### Activity
Skip every picture. Print each line from the one containing "Artist made models" through the end of the records below, word for word.

### Recorded information
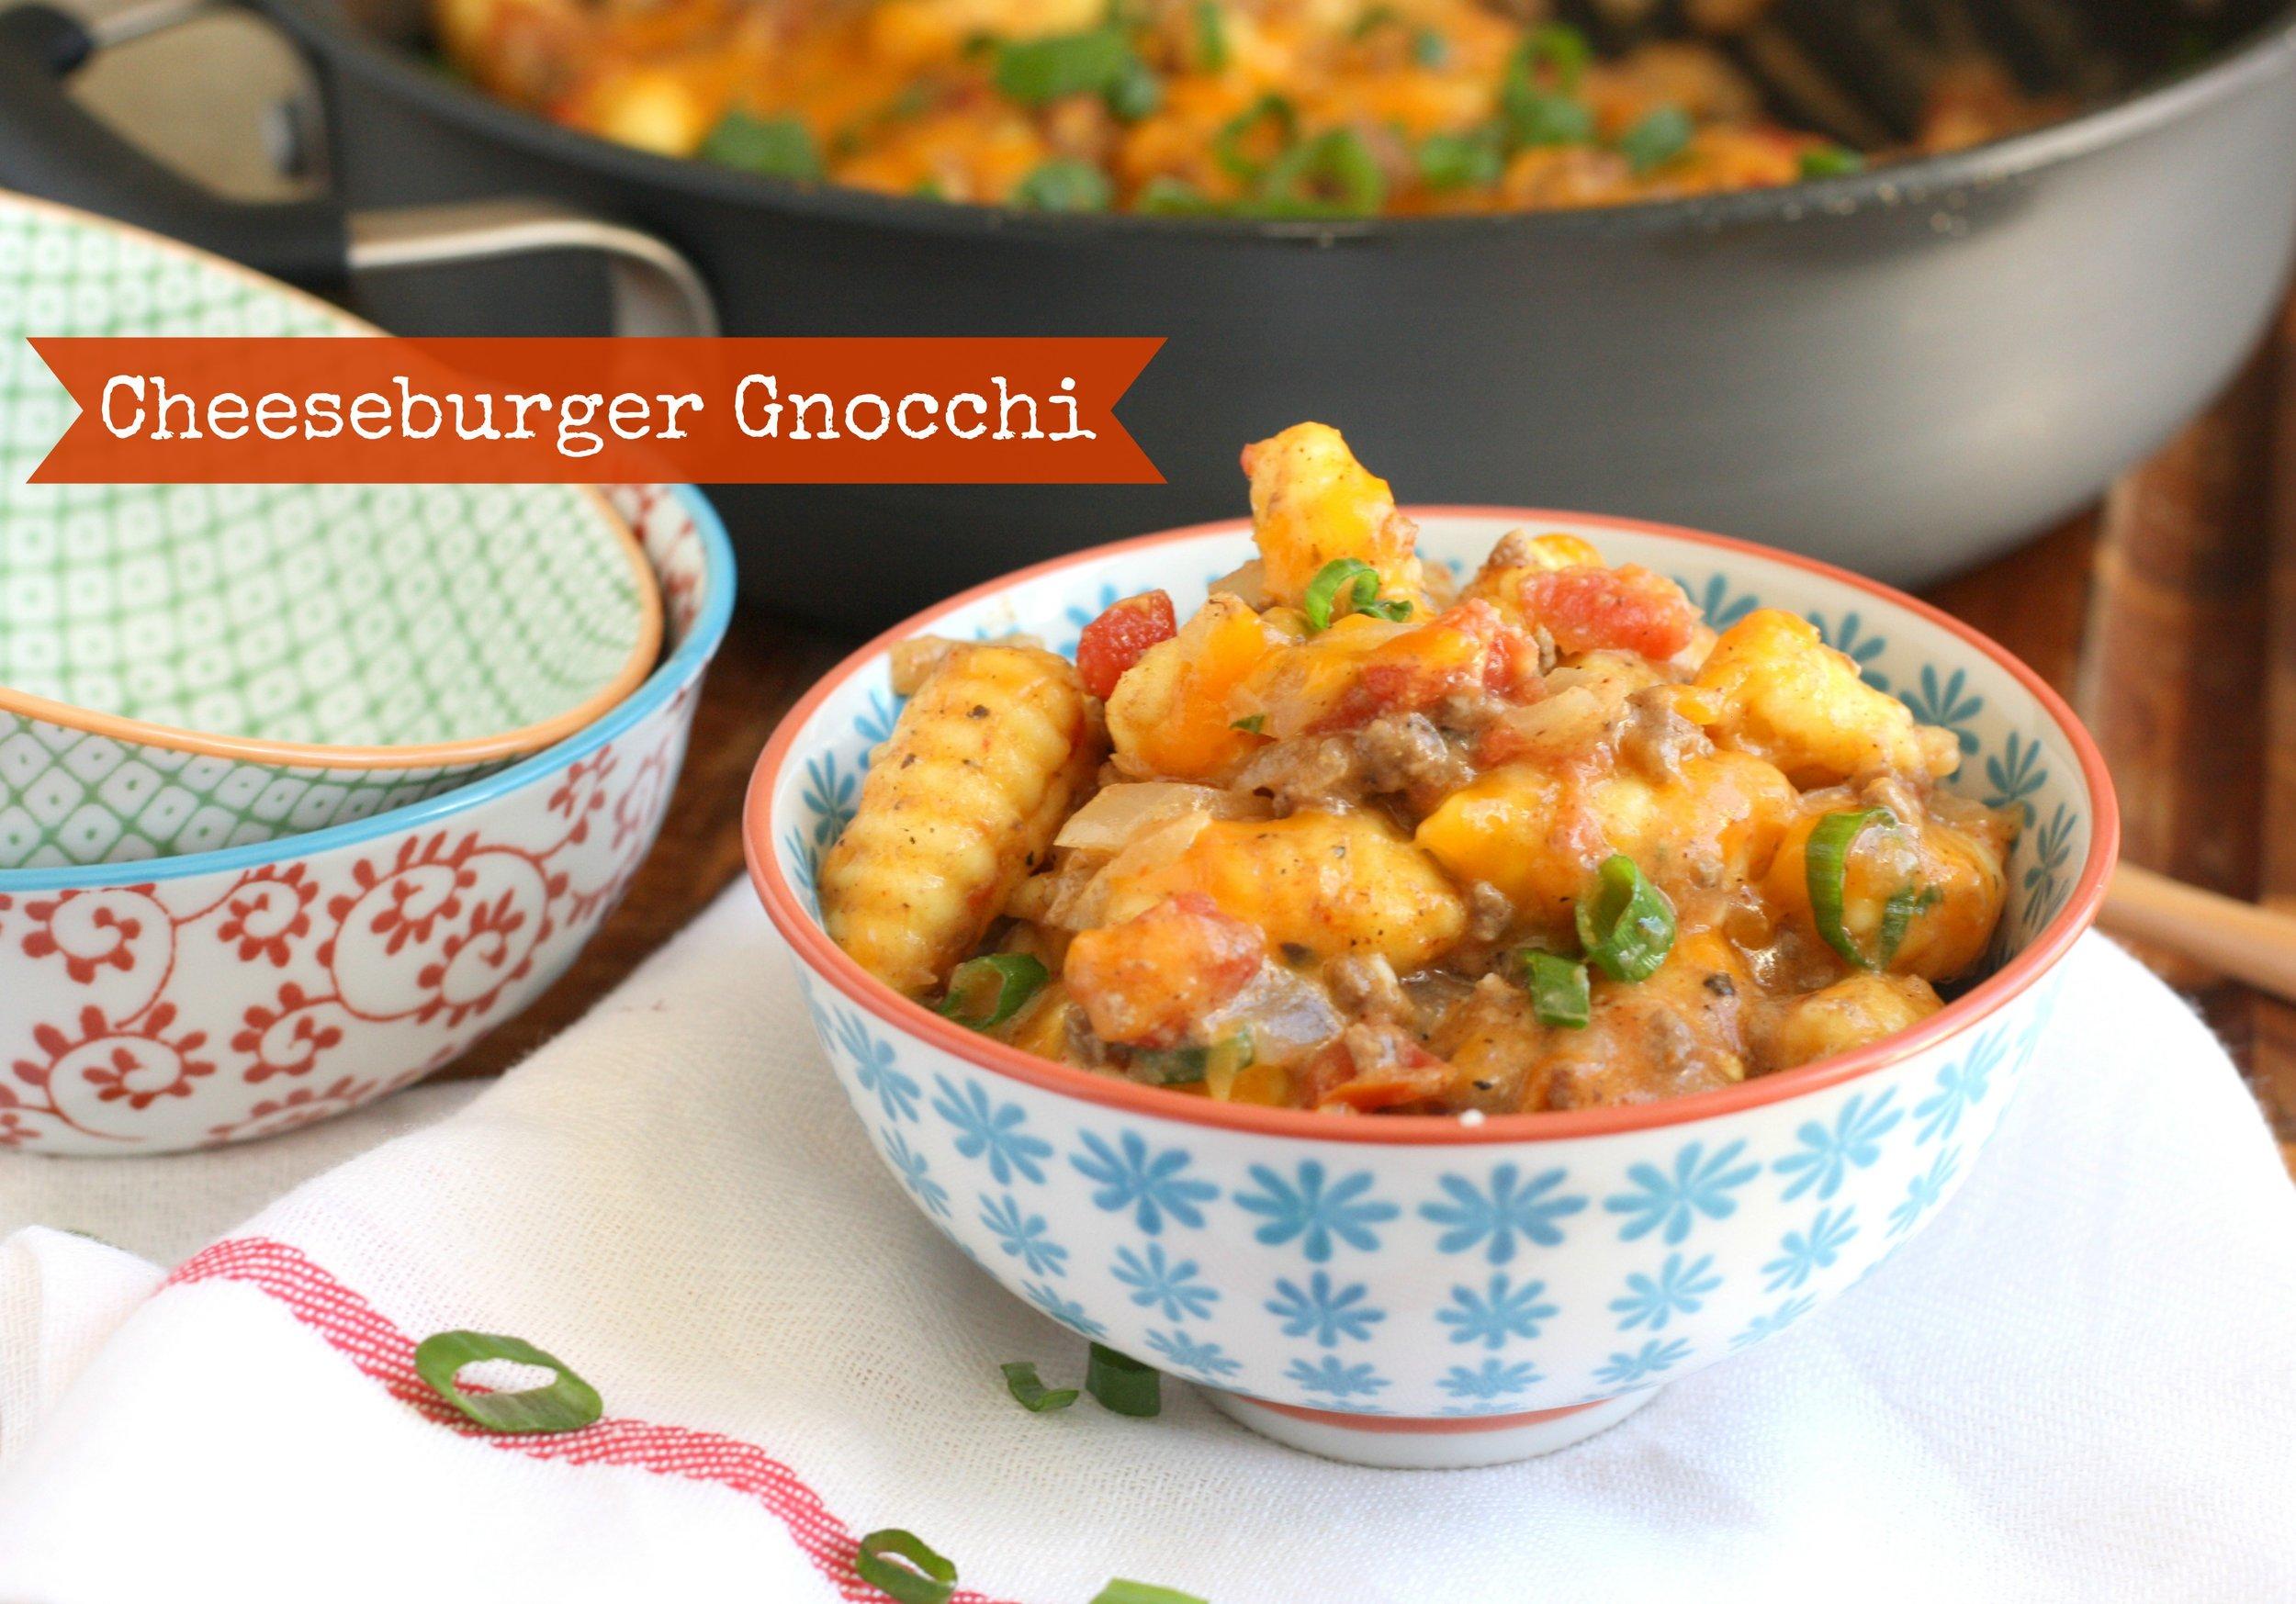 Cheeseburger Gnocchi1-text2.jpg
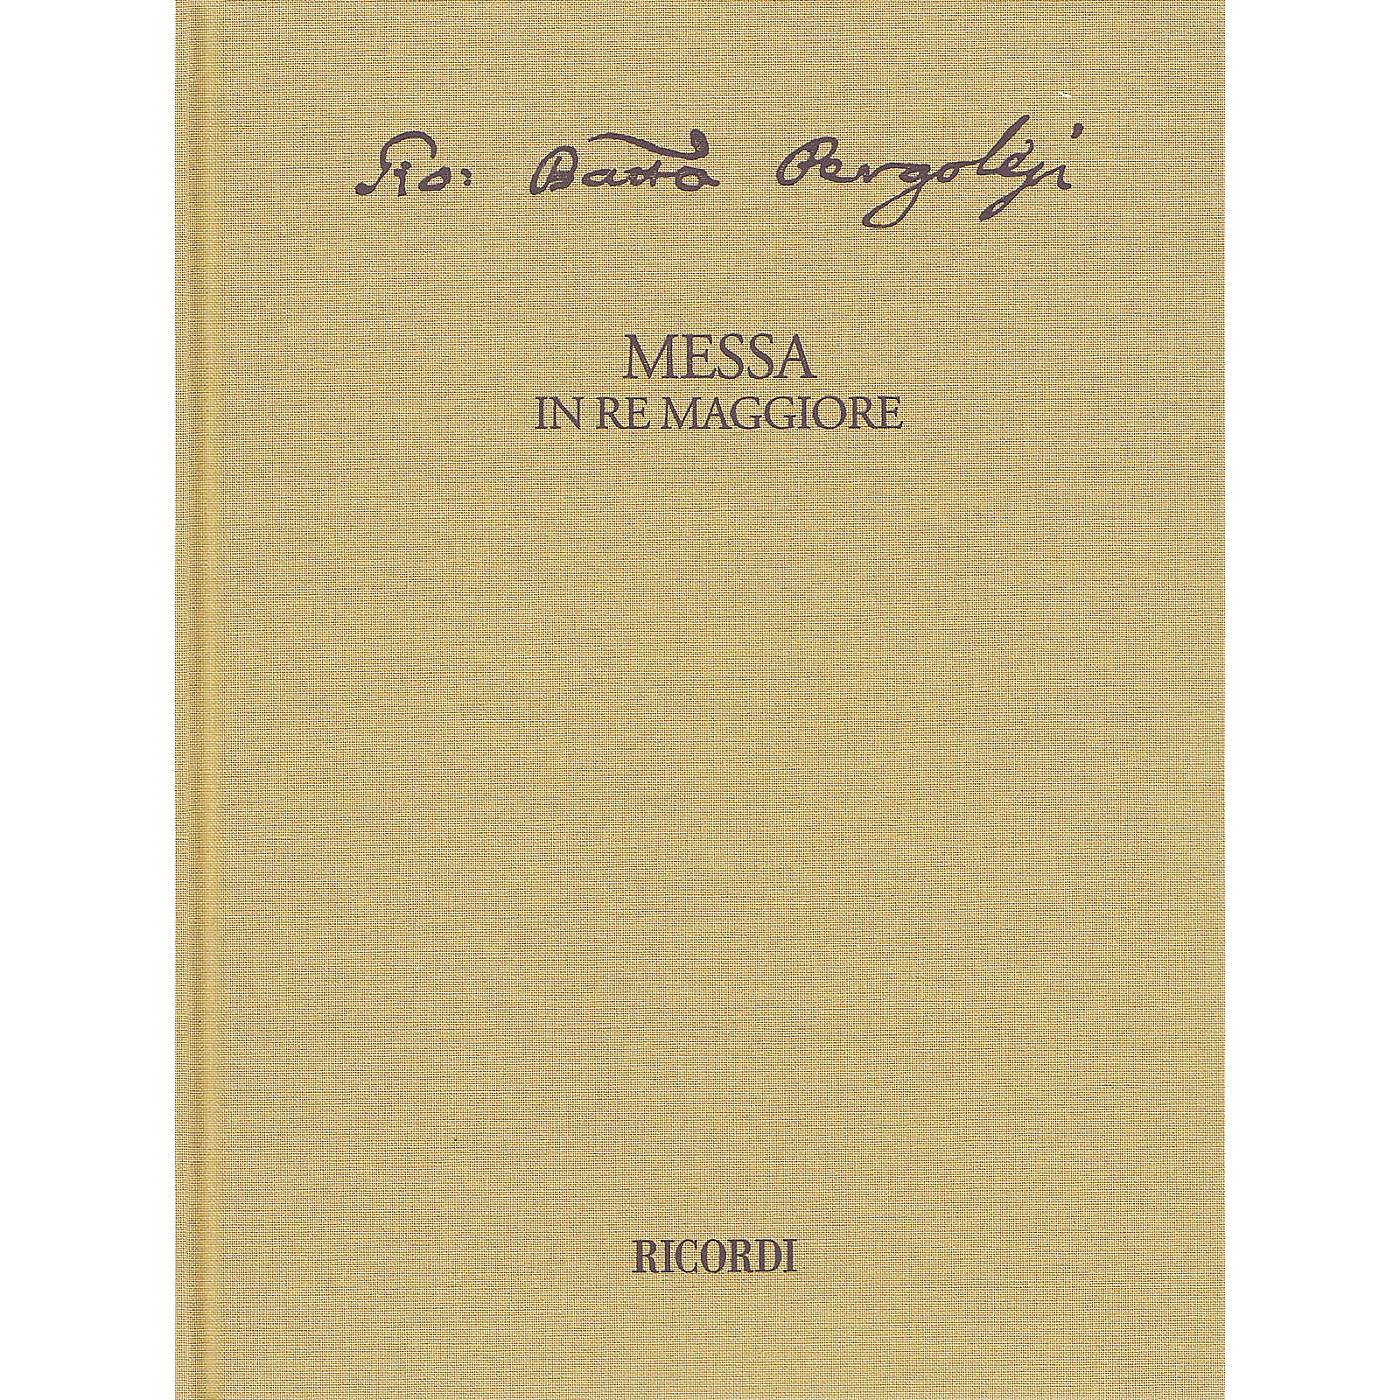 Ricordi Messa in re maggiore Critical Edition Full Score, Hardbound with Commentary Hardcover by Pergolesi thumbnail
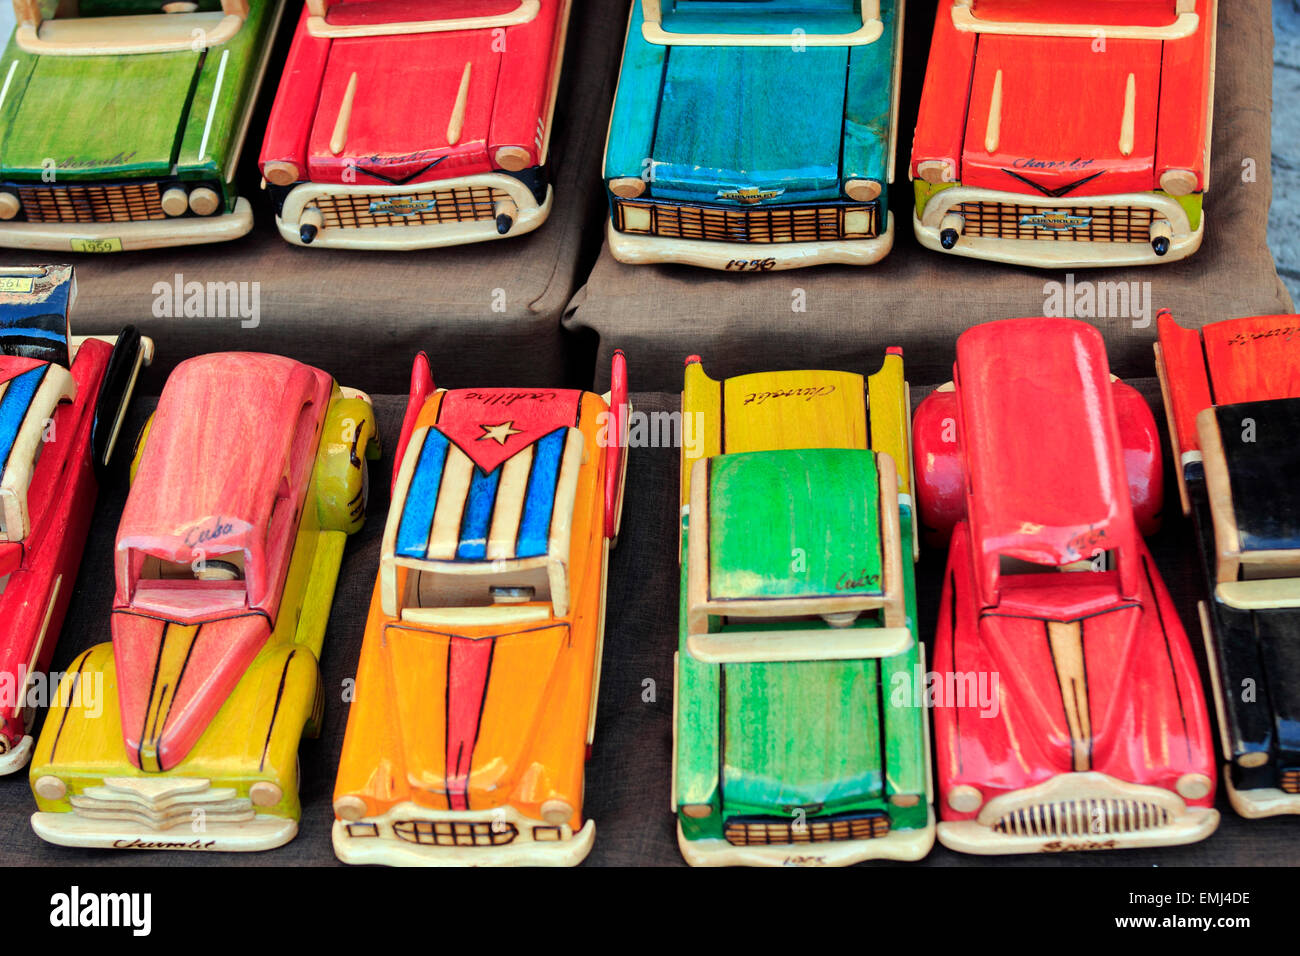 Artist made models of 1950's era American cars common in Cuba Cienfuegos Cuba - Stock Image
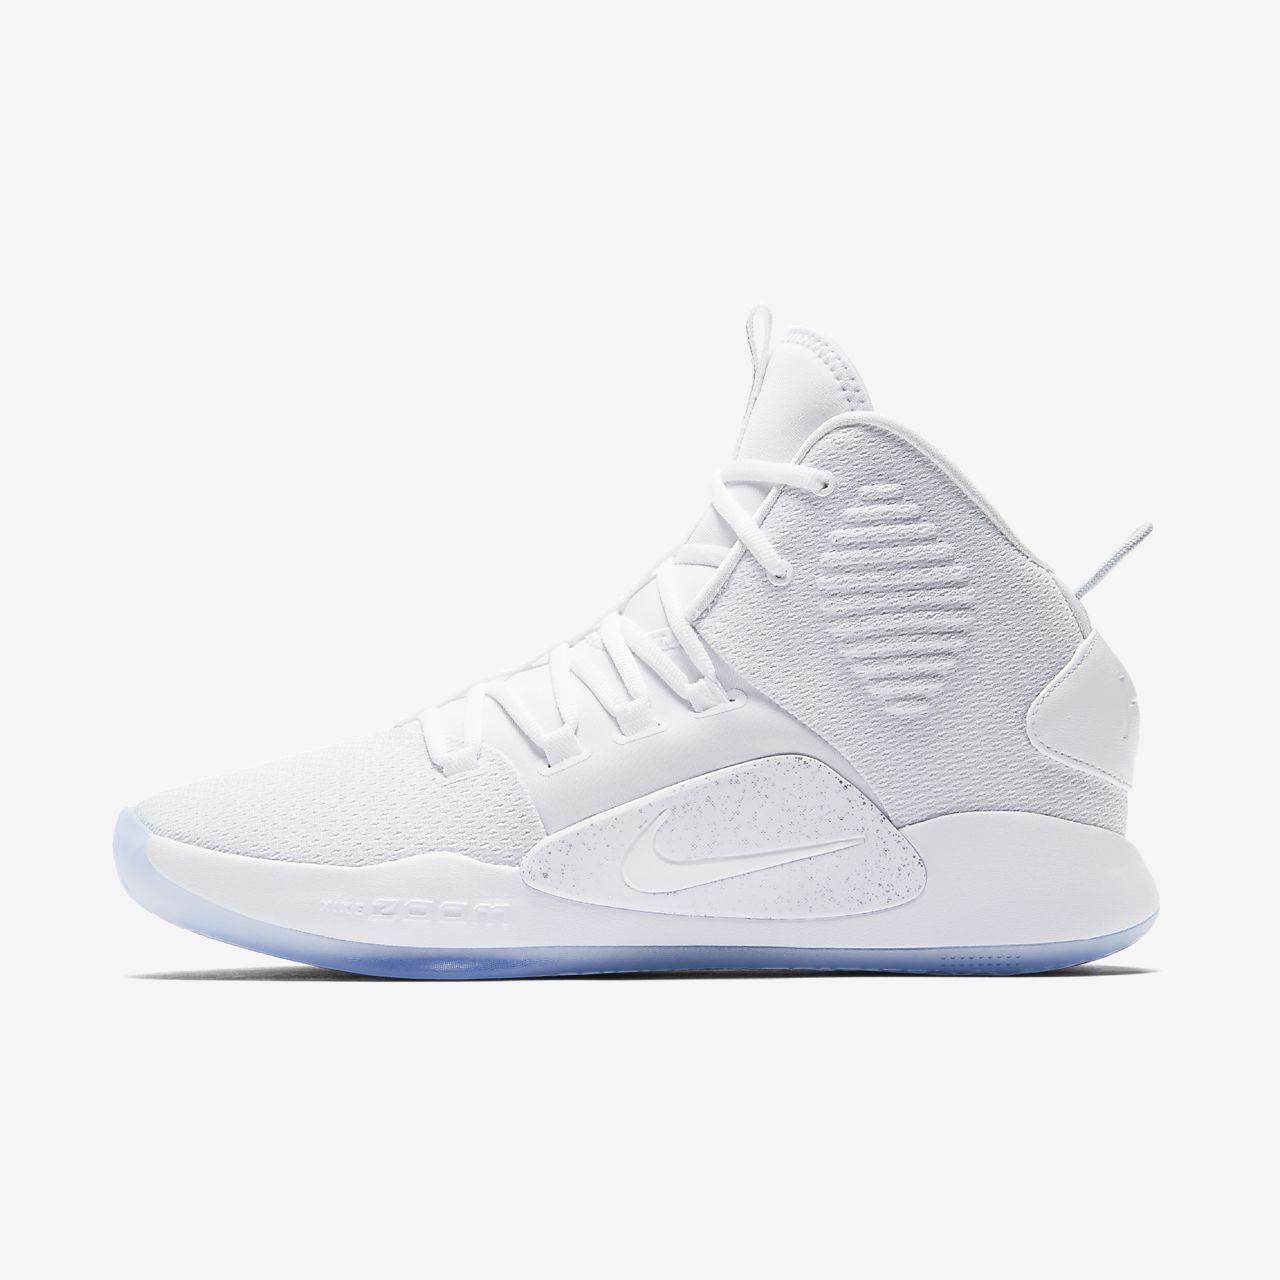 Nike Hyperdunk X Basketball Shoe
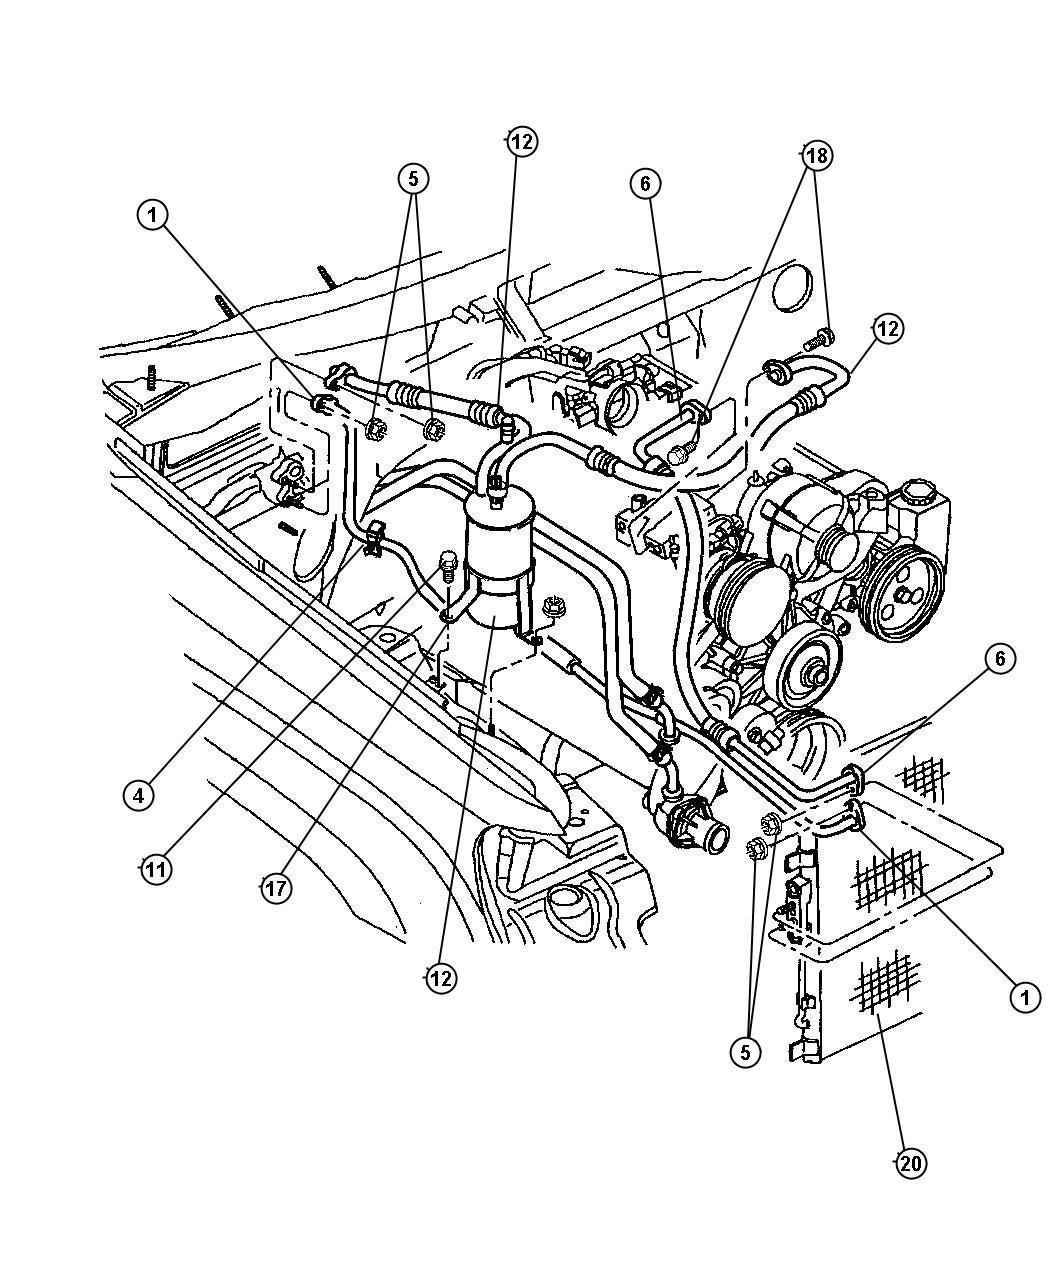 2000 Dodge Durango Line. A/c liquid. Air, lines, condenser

### Written answer
 Artist made models of 1950's era American cars common in Cuba Cienfuegos Cuba - Stock Image
 Nike Hyperdunk X Basketball Shoe
 2000 Dodge Durango Line. A/c liquid. Air, lines, condenser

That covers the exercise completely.